Glyptolithodes is found chiefly in the Southern Hemisphere, but extending as far north as California, although all its closest relatives live in the Northern Hemisphere. Its single species, G. cristatipes, was originally placed in the genus Rhinolithodes.

Paralithodes
Red (P. camtschaticus) and blue (P. platypus) king crabs are some of the most important fisheries in Alaska.
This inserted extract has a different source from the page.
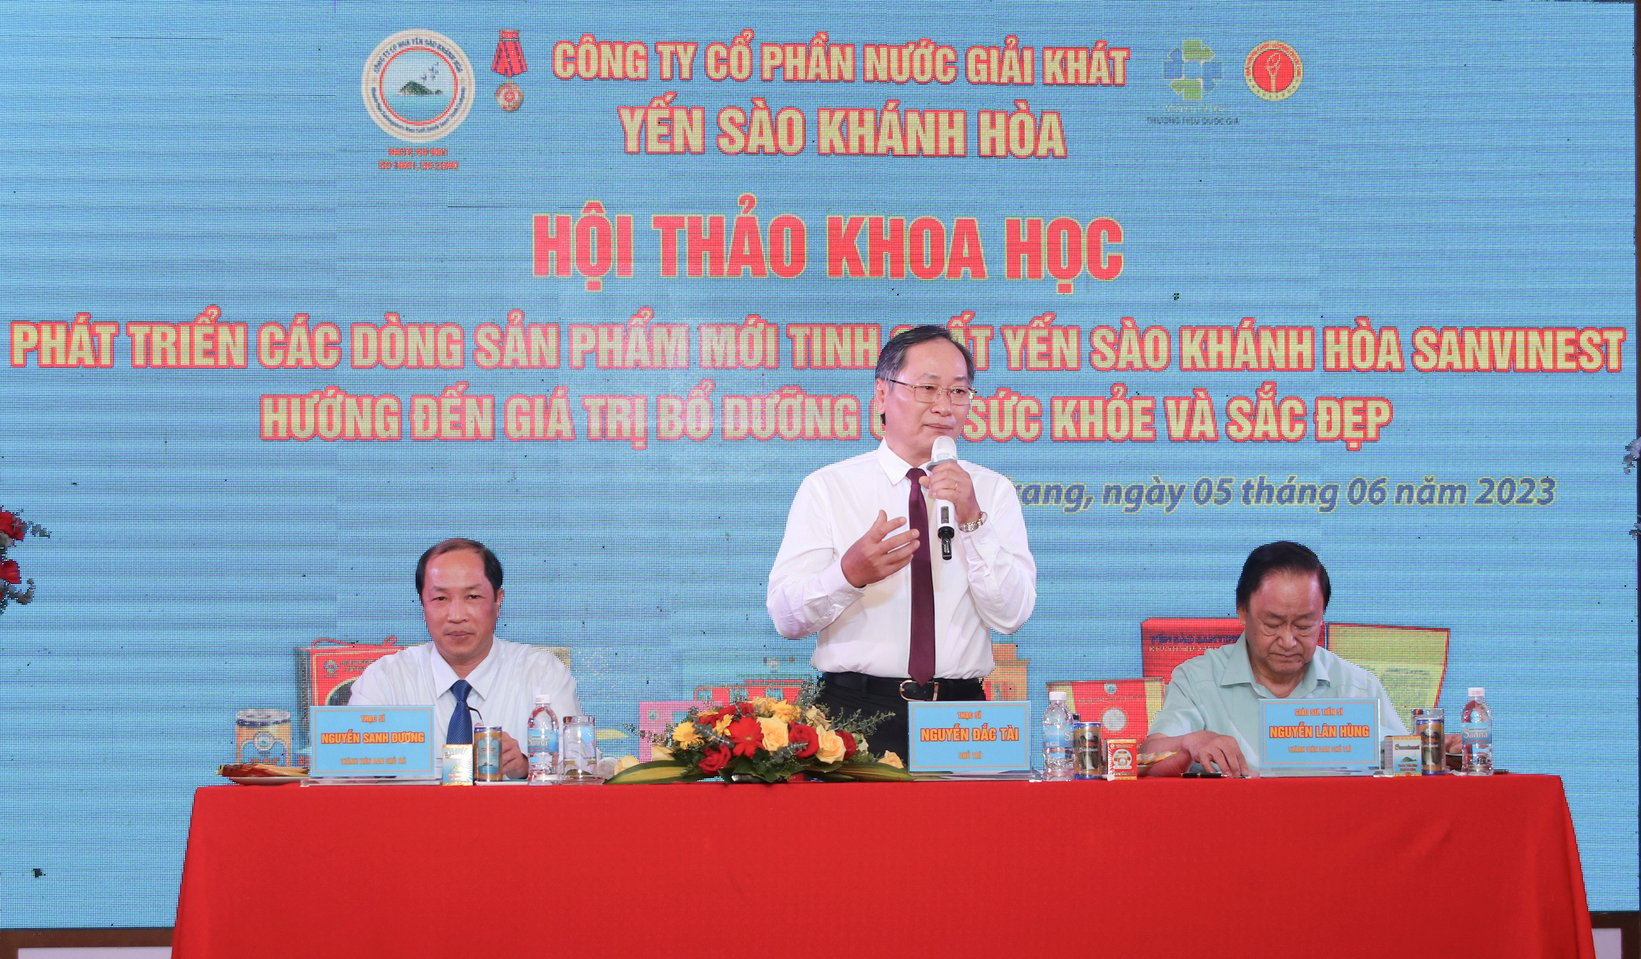 Mr. Nguyen Dac Tai, the Chairman of the Union of Science and Technology Associations of Khanh Hoa province spoke at the workshop. Photo: D.L.

However, populations have fluctuated in the past 25 years, and some areas are currently closed due to overfishing. The two species are similar in size, shape and life history. Habitat is the main factor separating the range of blue and red king crabs in the Bering Sea. Red king crabs prefer shallow, muddy or sandy habitats in Bristol Bay and Norton Sound, while blue king crabs prefer the deeper areas made up of cobble, gravel and rock that occur around the Pribilof, St. Matthew, St. Lawrence, and Diomede Islands.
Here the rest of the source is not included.